As some businesses have loosened explicit rules in recent years, some school districts have tightened them. Waukesha, WI introduced a stricter code earlier this year by instituting a business casual code for staff, focusing in a memo on prohibited items: tee shirts, jeans, sweatshirts and pants, flip-flops, sneakers, hats, caps, and my favorites: “tight or ill-fitting clothing” and “clothing that shows excessive skin.” It’s not incidental that roughly half of the administrators responsible for enforcing this code are men; roughly three-quarters of the teachers subject to it are women.
An educator’s recent tweet suggesting that dressing more professionally could lead to teachers being treated with more respect went viral before he wisely deleted it. As one responded, particular clothing choices aren’t going to garner respect from those who don’t grant it to teachers based on credentials and experience:
We live in a society that still makes judgments based on small differences in attire. One study showed that people perceived (models posing as) doctors to be more experienced and professional when they wore traditional white coats— but males scored higher than their female counterparts in every outfit. The idea that dressing a certain way will produce esteem from sexists was a fantasy in the 1970s and it remains one today.

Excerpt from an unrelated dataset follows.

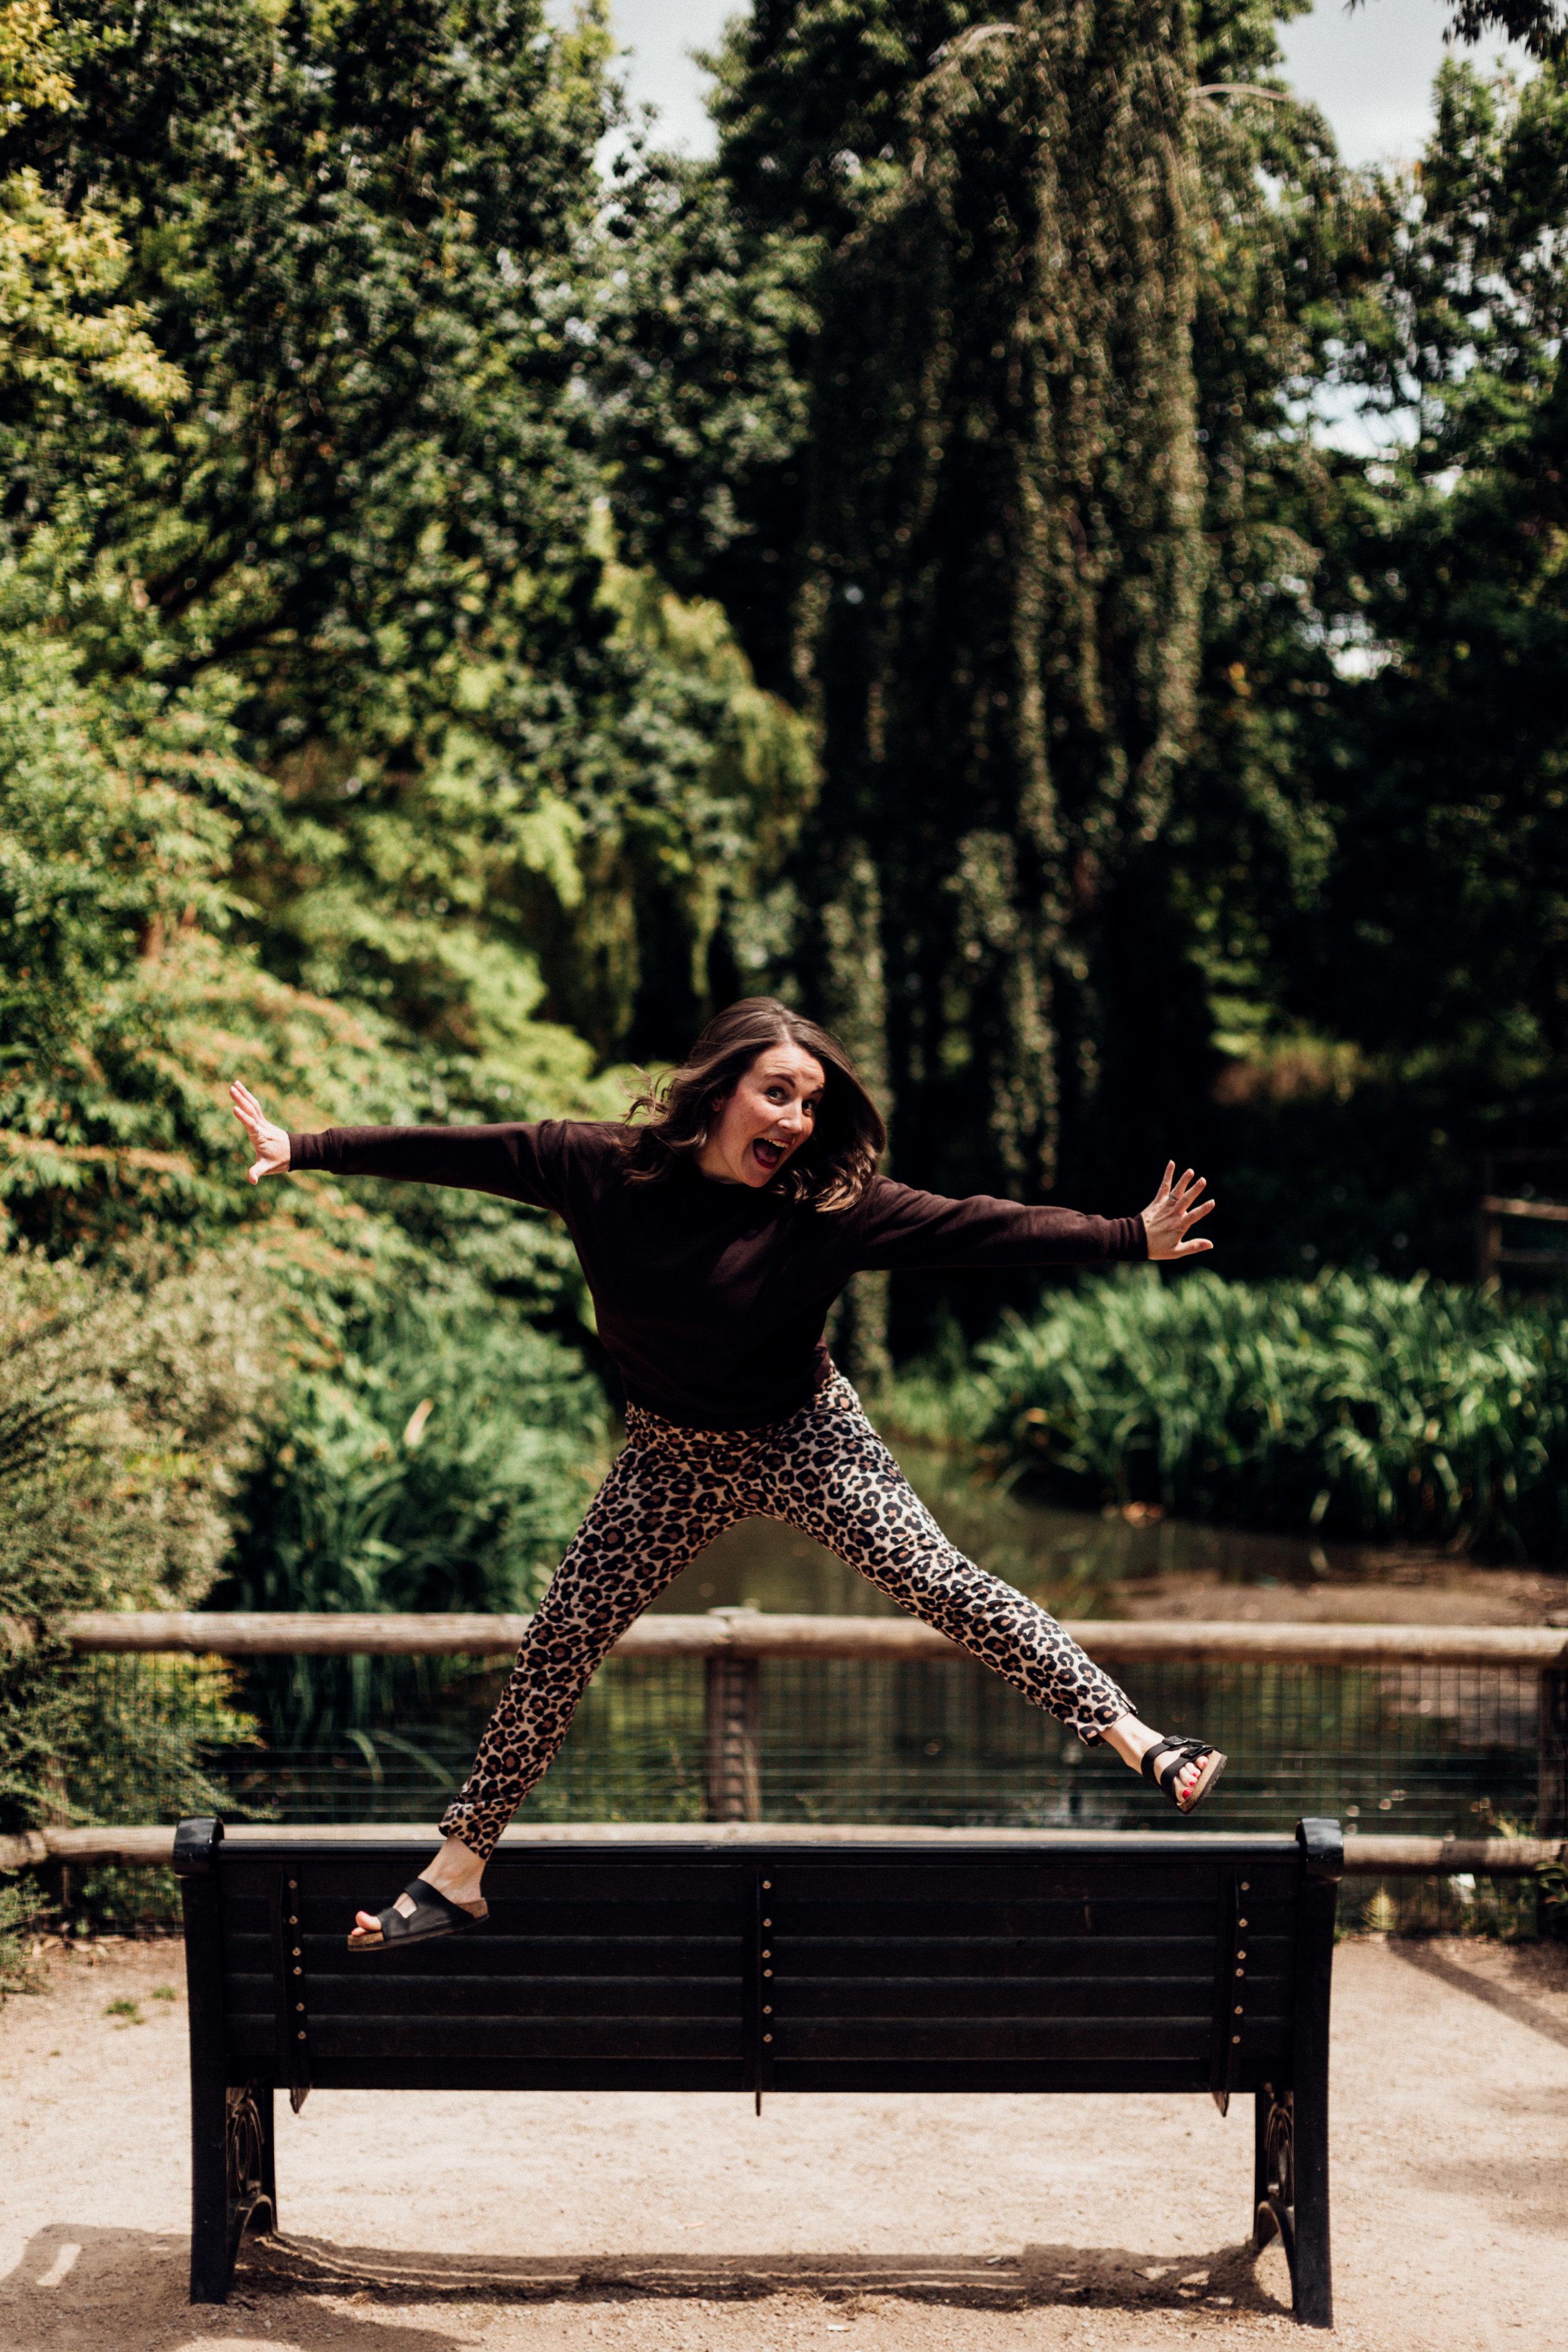 Kerry Lyons star jump

It pains me to even write about dress codes for students, which can extend beyond clothing to grooming, and have long been instruments of gender, sex, religious, and racial discrimination. Discipline for violations is meted out disproportionately to girls and students of color:
GAO estimated that 93% of school districts have some kind of dress code or policy, though not all of them are considered "strict." More than 90% of those rules prohibit clothing typically worn by female students: items such as “halter or strapless tops,” “skirts or shorts shorter than mid-thigh,” and “yoga pants or any type of skin tight attire,” the report says. Meanwhile, it found that only 69% of districts were as likely to prohibit male students for wearing similar clothing, like a "muscle shirt."

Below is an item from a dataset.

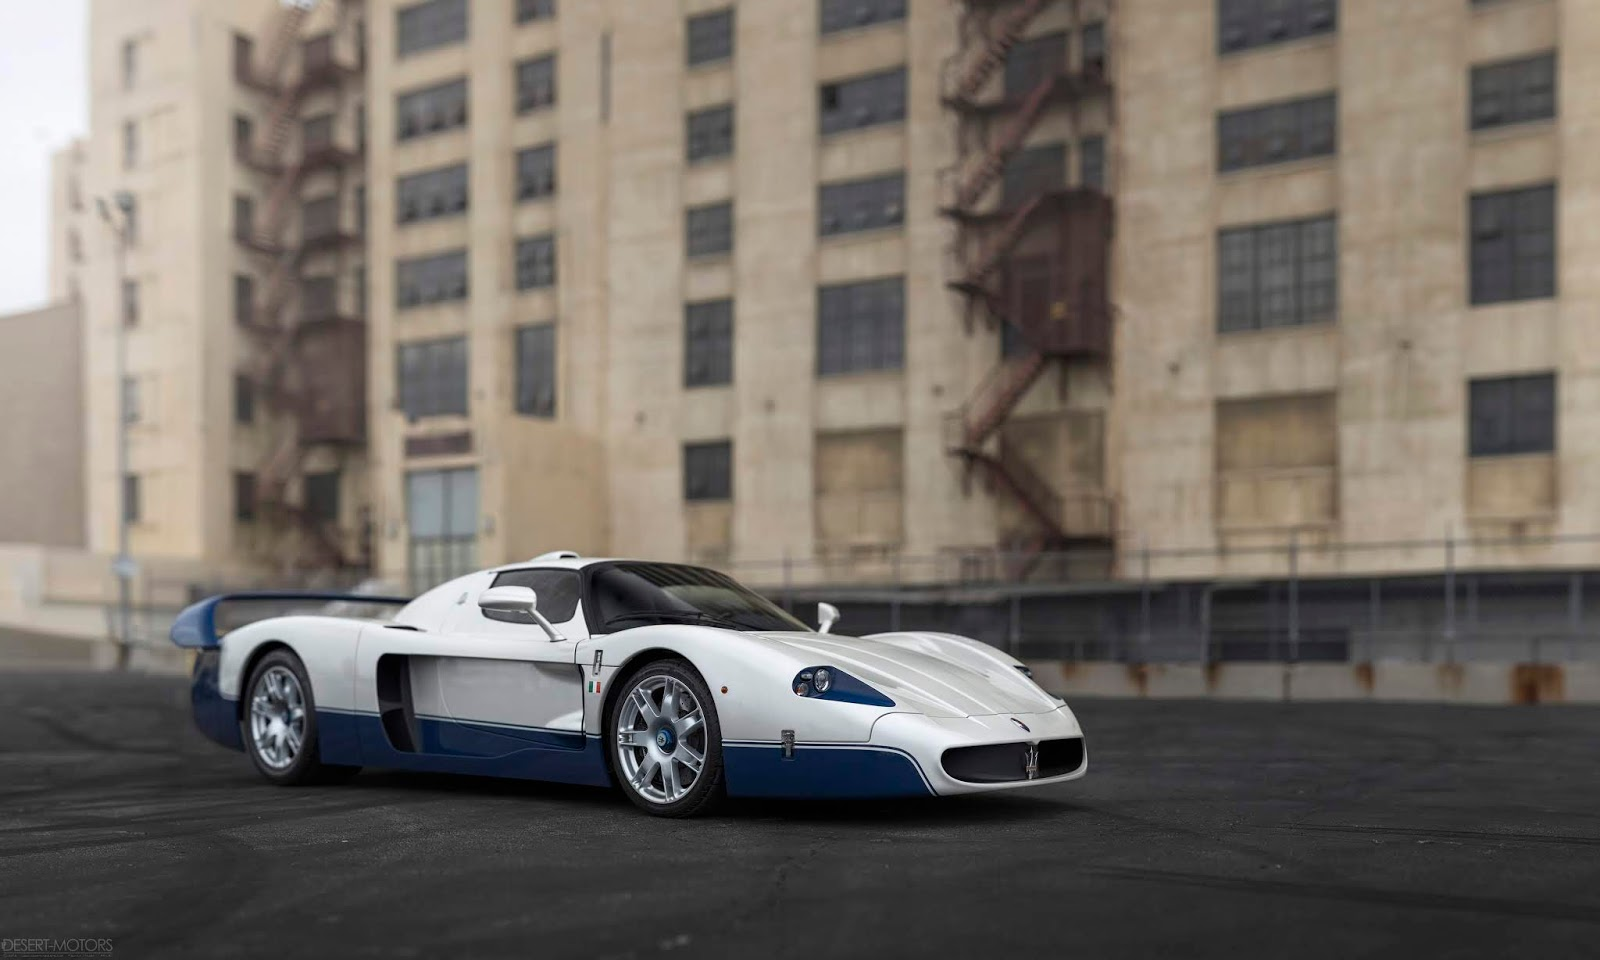 43506413335 177804e388 o Maserati MC12. Η Enzo Aperta. Maserati, Maserati MC12, MC12, retrocar, retrocar sunday, zblog

As Andre Perry explained after a Black senior in a Texas suburb was suspended and kept from his own graduation ceremony for wearing dreadlocks, dress codes can be ways to “control and suppress.” Students in one Wyoming community were reportedly told they could no longer wear rainbow pins or bracelets or even clothing in rainbow colors; since this incident in 2019, GOP legislatures have passed laws making it easier for schools to use dress codes to clamp down on political speech and self-expression. Of course, it’s not just schools: a spate of anti-drag bills seek to control how people express themselves through their clothing in any public place.
It’s hard not to get discouraged: nearly six decades and four generations after Mary Quant and the Boomers raised Cain with raised hemlines, young people are still experiencing attempts to grind them down by policing what they wear.

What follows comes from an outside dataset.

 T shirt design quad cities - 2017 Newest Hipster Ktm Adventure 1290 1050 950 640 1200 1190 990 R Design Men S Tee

But there are rays of hope. Black girls in D.C. produced a report about the impact of dress codes for the National Women’s Law Center and went on to fight for fairer policies in their schools. Nadra Nittle wrote last year at The 19th about a wave of student activism in her piece “Lawsuits, complaints and protests are upending sexist school dress codes.” And just weeks ago, Education Week reported on female high school runners who, after being suspended from play for wearing sports bras to practice in excessive heat, worked to overturn the dress code that had penalized them.
I dare to say Mary Quant would approve.